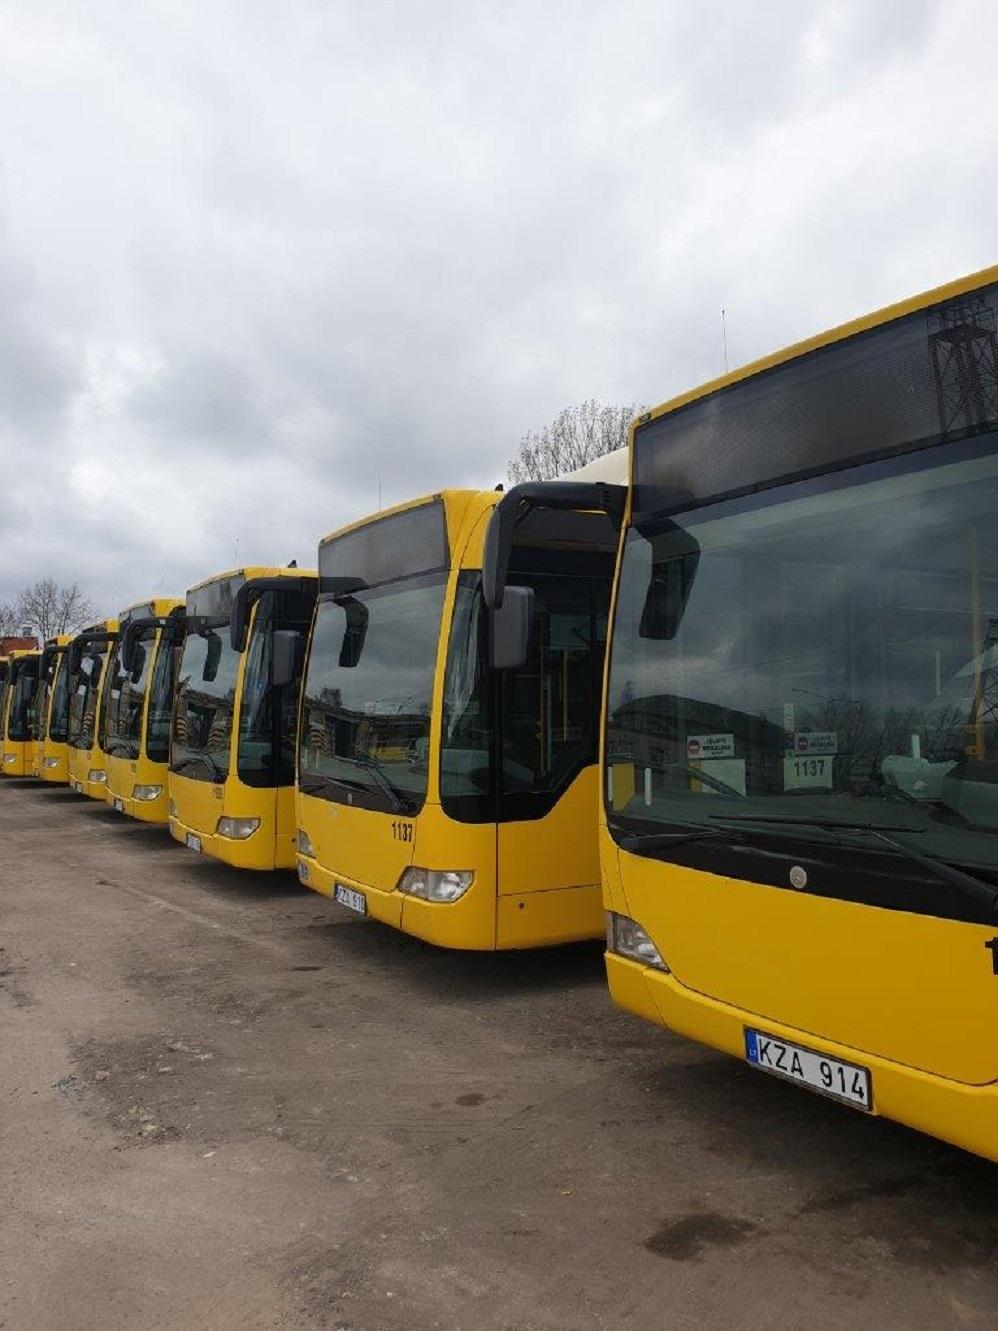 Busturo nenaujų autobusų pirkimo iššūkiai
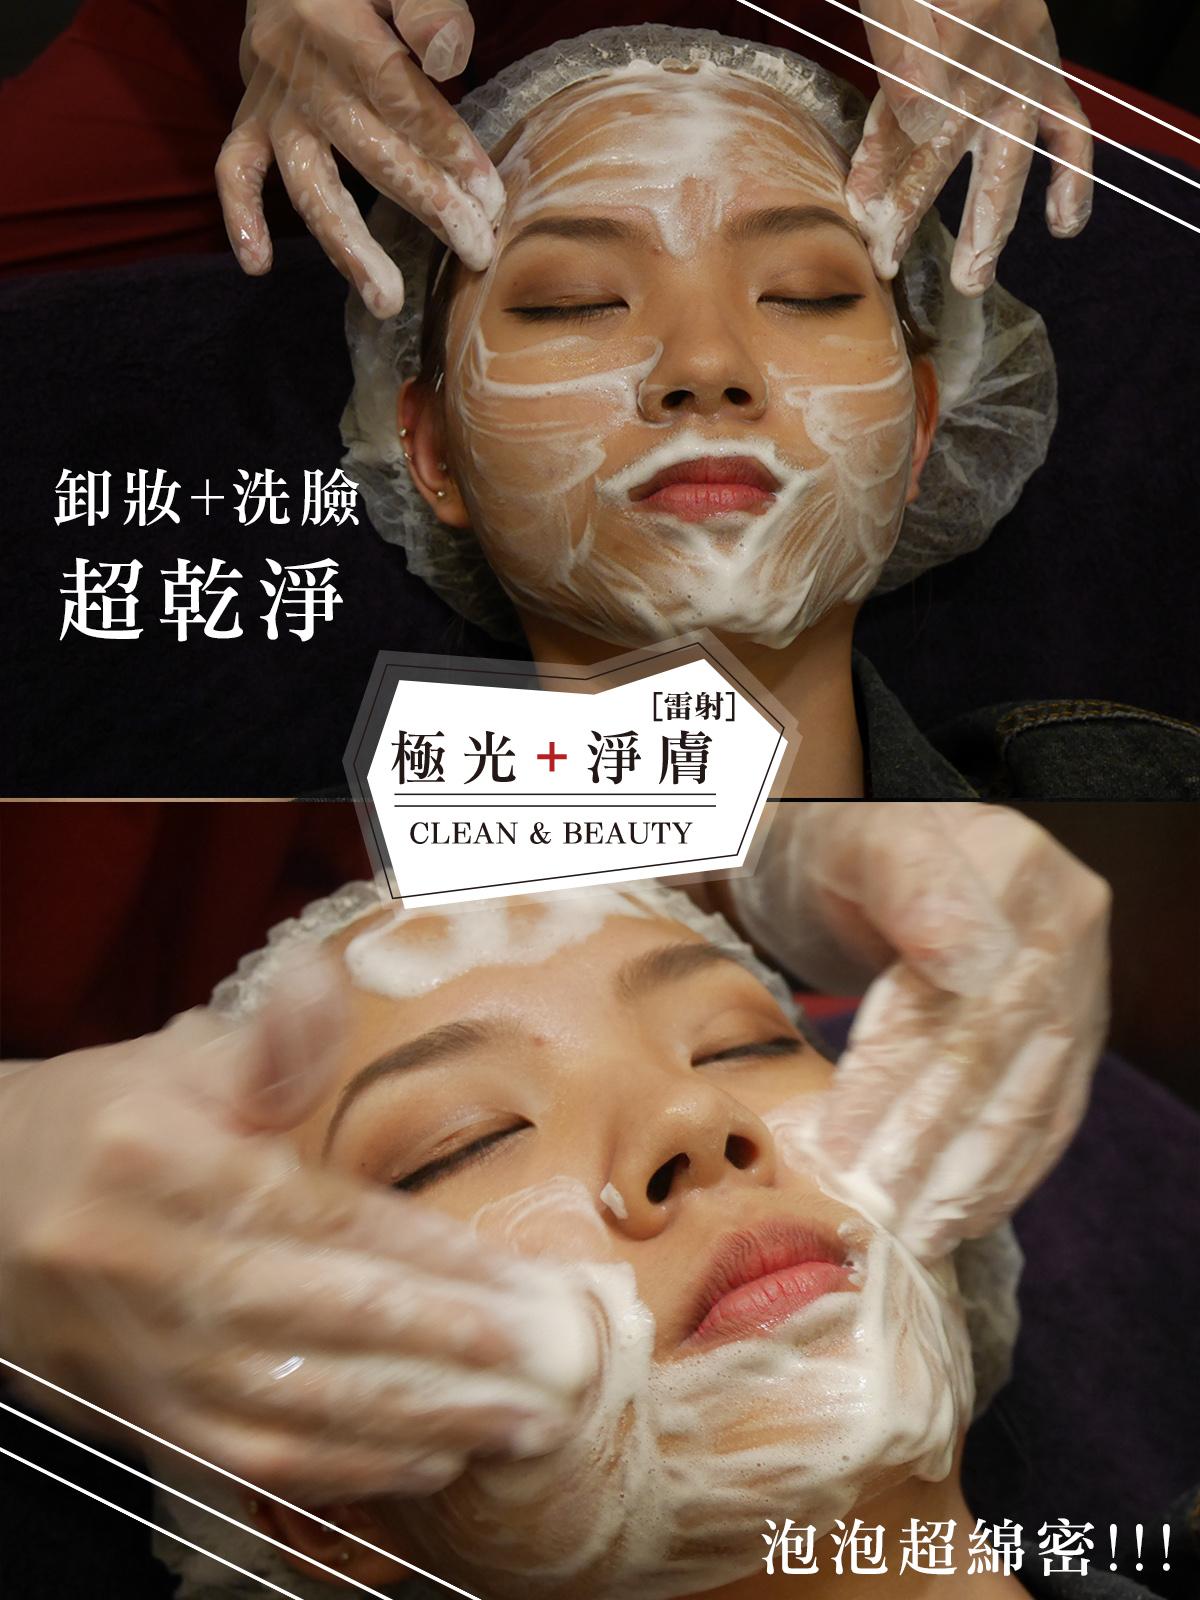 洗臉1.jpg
...
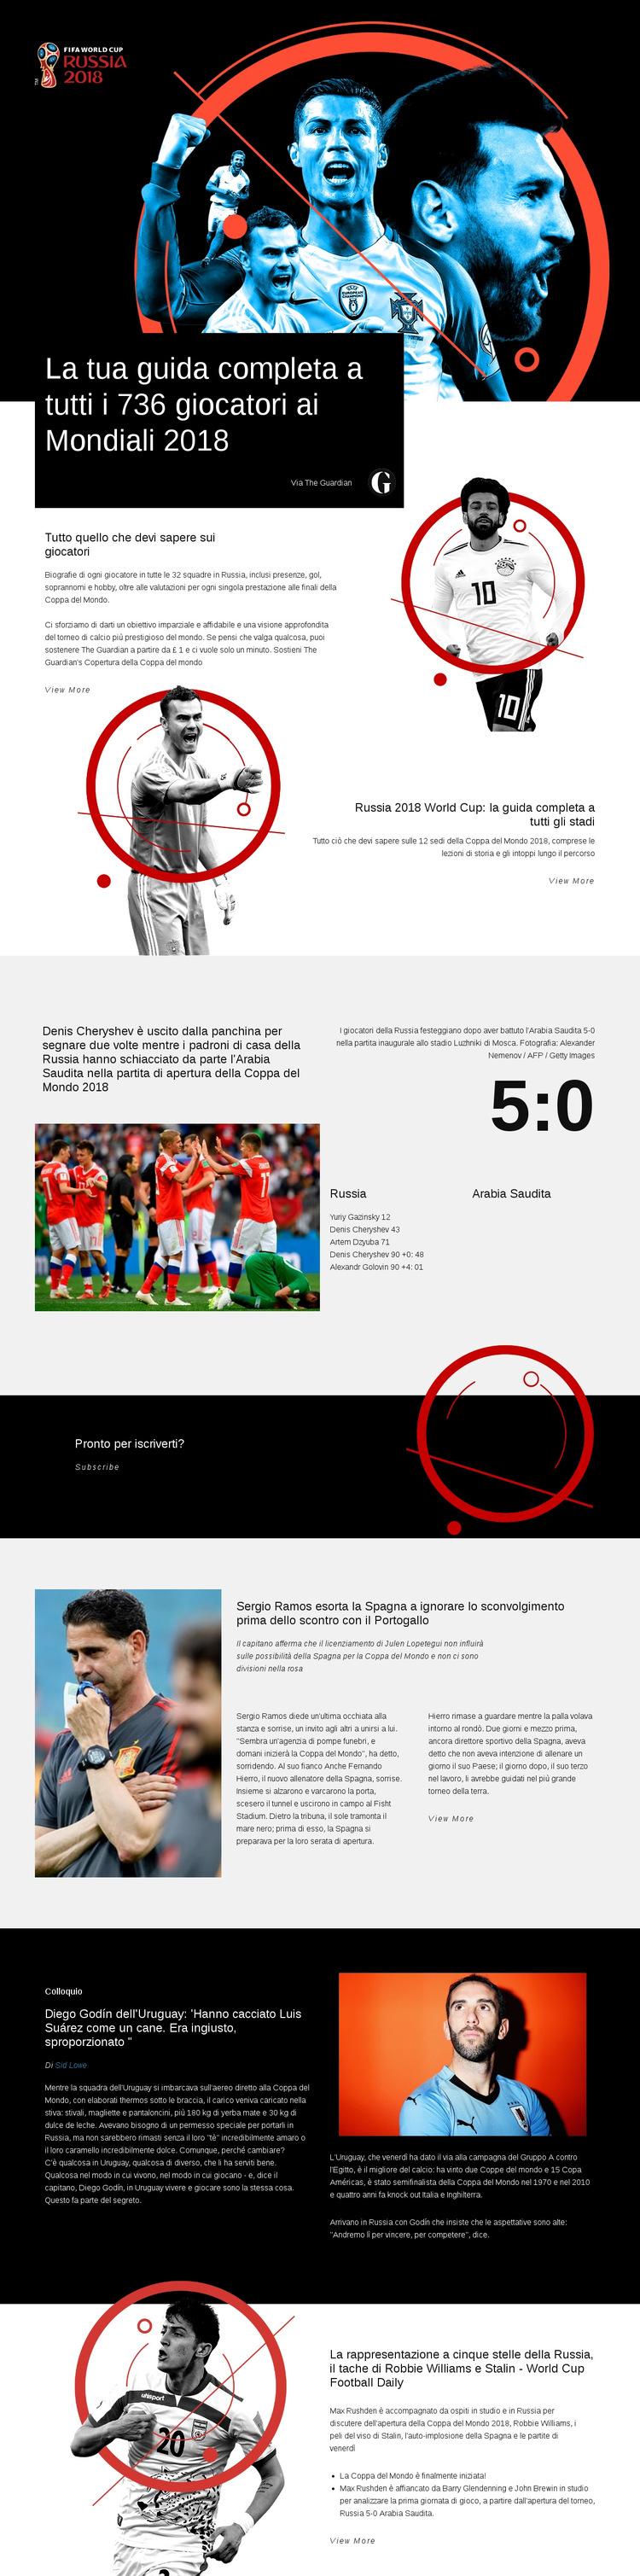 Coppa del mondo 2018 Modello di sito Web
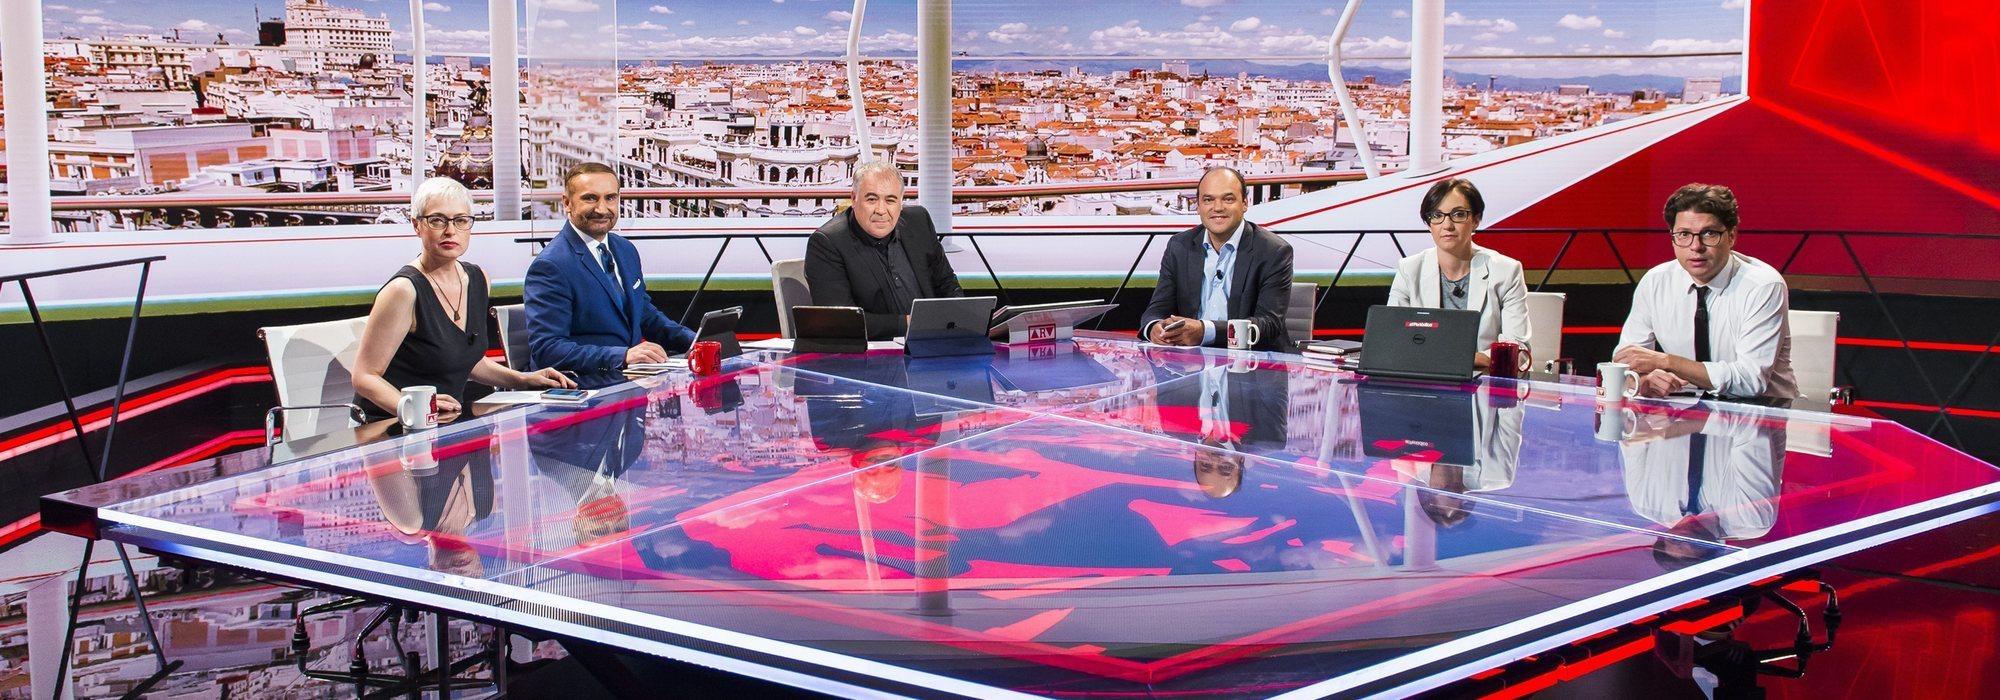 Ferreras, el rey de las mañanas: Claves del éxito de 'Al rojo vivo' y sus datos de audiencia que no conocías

## Work order
Above are some records. Reproduce the lines from the one with "Coppa del mondo 2018 Modello di sito Web" down to the one with "Ferreras, el rey", keeping both, and leave every picture out.

## Written answer
 Coppa del mondo 2018 Modello di sito Web
 Ferreras, el rey de las mañanas: Claves del éxito de 'Al rojo vivo' y sus datos de audiencia que no conocías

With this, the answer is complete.